Женщина застыла, молча глядя на него.
— Ты что, глухая? — крикнул он и, подойдя, ткнул ее пистолетом. Она уже сжимала в одной руке пачку долларовых банкнот, в другой — два кольца, и стояла растерянная, понимая, что ясно слышала, как он потребовал ее трусики, но не зная, что сначала: деньги и кольца или…
— Быстро! — сказал он. — Снимай! Скорее!
Женщина отдала ему деньги и кольца, а затем приподняла юбку и стянула трусики по бедрам до колен и вниз до щиколоток. Она переступила, вышла из них, подняла и передала ему. Грабитель сунул трусики в карман.
— Эй, вы все! — сказал он. Его голос стал еще тоньше. — Я хочу, чтобы вы все сняли свои трусы! Отдайте мне деньги! Все свои деньги! И кольца! И трусики, снимайте их, скорее!
Негритянка, сидевшая на стуле рядом с Эйлин, продолжала смотреть на грабителя, как будто он только что свалился с потолка, следя за каждым его движением широко раскрытыми глазами, словно не веря в серьезность его требований, не веря в пистолет в его руке, не веря во все его существование.
— Ты! — сказал он, подтанцовывая к ней. — Дай мне эту цепочку! Скорее!
— Это просто бижутерия, — спокойно сказала женщина.
— Давай мне свои деньги!
— У меня только доллар и четверть мелочью.
— Давай их! — сказал он и протянул левую руку.

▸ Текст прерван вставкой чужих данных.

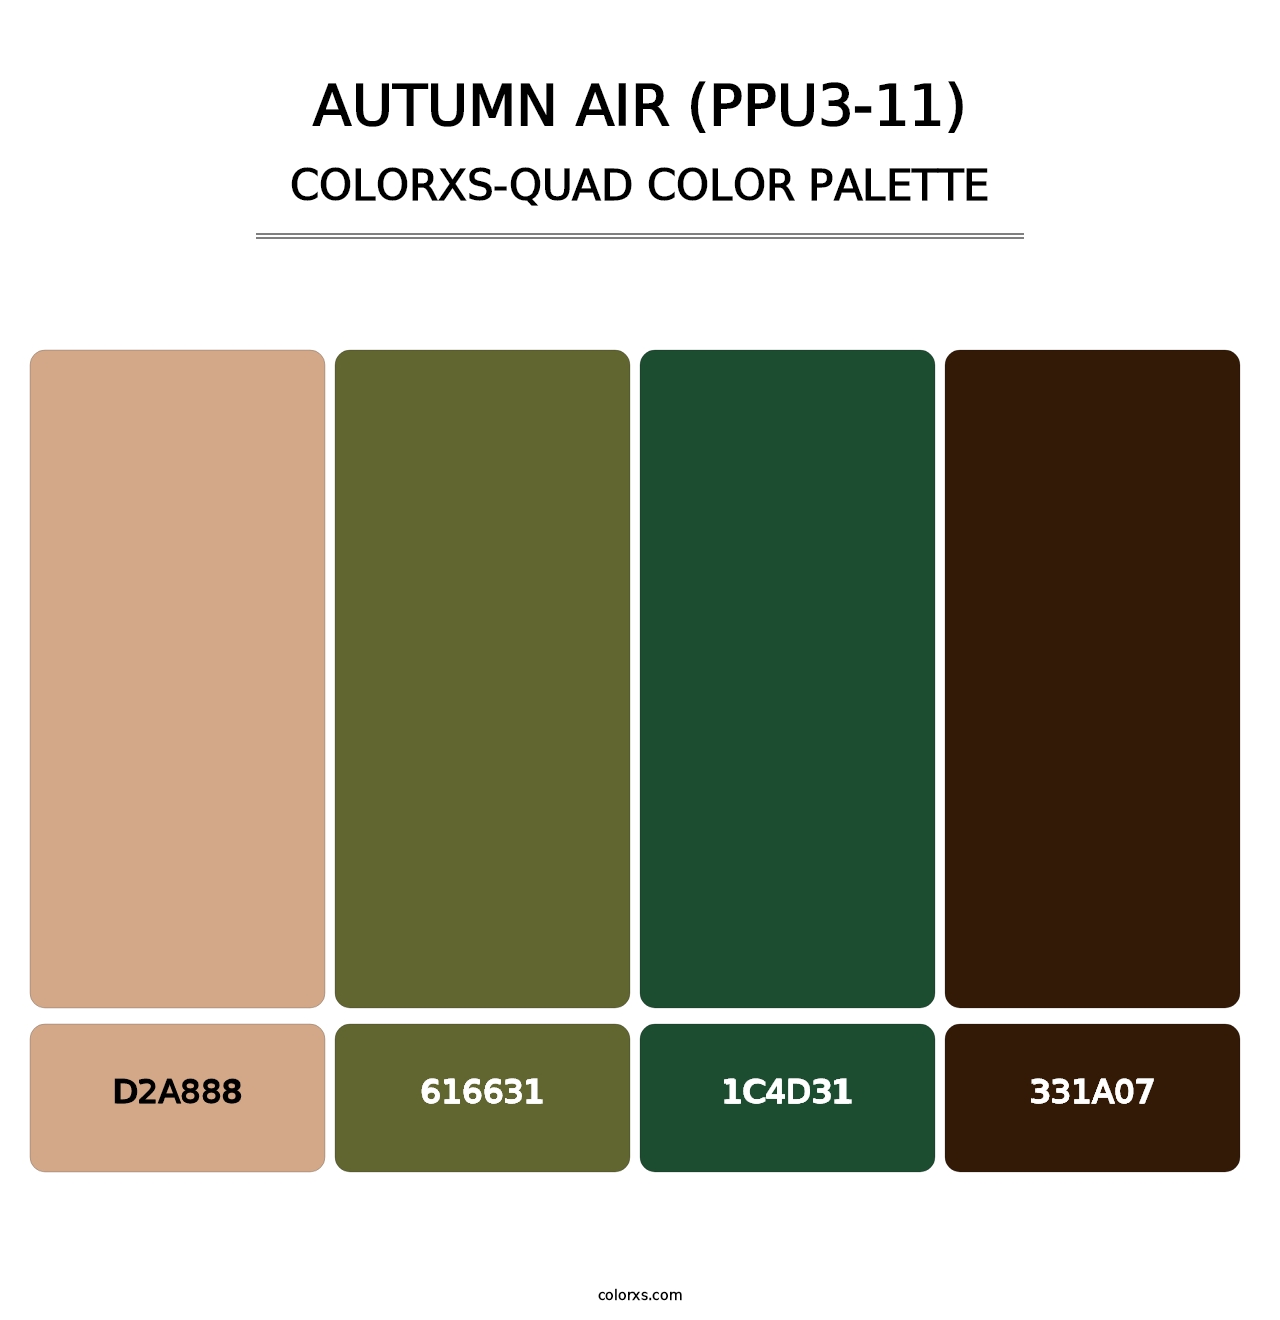 Autumn Air (PPU3-11) - Colorxs Quad Palette

Женщина порылась в сумочке. Она достала кошелек для мелочи. Не обращая внимания на грабителя, не обращая внимания на пистолет возле своего носа, она расстегнула кошелек и достала монеты по одной, перекладывая их из правой руки в ладонь левой — три четвертака, пять пятаков — а затем сжала монеты в кулаке, протянула руку и высыпала (презрительно, как показалось Эйлин) мелочь в его раскрытую ладонь.
— Теперь трусики, — сказал он.
— Нет.
— Сними трусики, — повторил он.
— Не буду, — сказала женщина.
— Что?
— Не буду я их снимать. Мне это не так просто, как той даме с ребенком. Мне надо снять сначала галоши, потом джинсы, а я не собираюсь стоять тут с голым задом перед двумя мужиками, которых вижу впервые в жизни. Ни за что.
Грабитель помахал пистолетом.
— Делай, что сказано, — велел он.
— Нет, — ответила женщина.
Эйлин напряглась.
Она подумала, что пора начать действовать. Плохая ситуация может только ухудшиться — так ее учили в академии, и благодаря этому правилу она выживала все годы, что служила в полиции. Но почему-то сегодня, когда тупой сукин сын вошел сюда и вытащил пушку из кармана, она этим правилом пренебрегла. Плохая ситуация может только ухудшиться, делай свой ход сейчас, рискуй — но сейчас, сейчас же! Эйлин пыталась понять, обернется ли он, чтобы выстрелить в нее, как только она достанет револьвер, или вместо этого выстрелит в негритянку, которая, видимо, готова рисковать жизнью, лишь бы не снимать с себя джинсы, а потом трусики перед дрожащим от страха ночным менеджером и вооруженным грабителем, который, вполне возможно, давно спятил.
Действуй, одернула себя Эйлин, перестань думать и гадать. Но что, если застрелят ребенка?
Ей пришло в голову, что, может быть, негритянка и преуспеет, сумеет заставить этого тщедушного человечка, любителя трусиков, признать свое поражение и бежать за дверь, в холод и в распахнутые объятия детектива Хэла Уиллиса… Кстати, где ты, черт тебя возьми, Уиллис? Не мешало бы моему прикрытию сейчас появиться за спиной этого парня, не мешало бы отвлечь его внимание на себя, тогда будут две пушки против одной, два хороших парня против одного плохого… где ты, черт возьми? Маленький человечек дрожал от ярости, борьба внутри его была настолько сильной, что, казалось, он вот-вот взорвется, рассыплется на куски вокруг своего огромного пистолета. Он фетишист, вдруг подумала Эйлин, этот человек обычный фетишист, «бельевой насильник»!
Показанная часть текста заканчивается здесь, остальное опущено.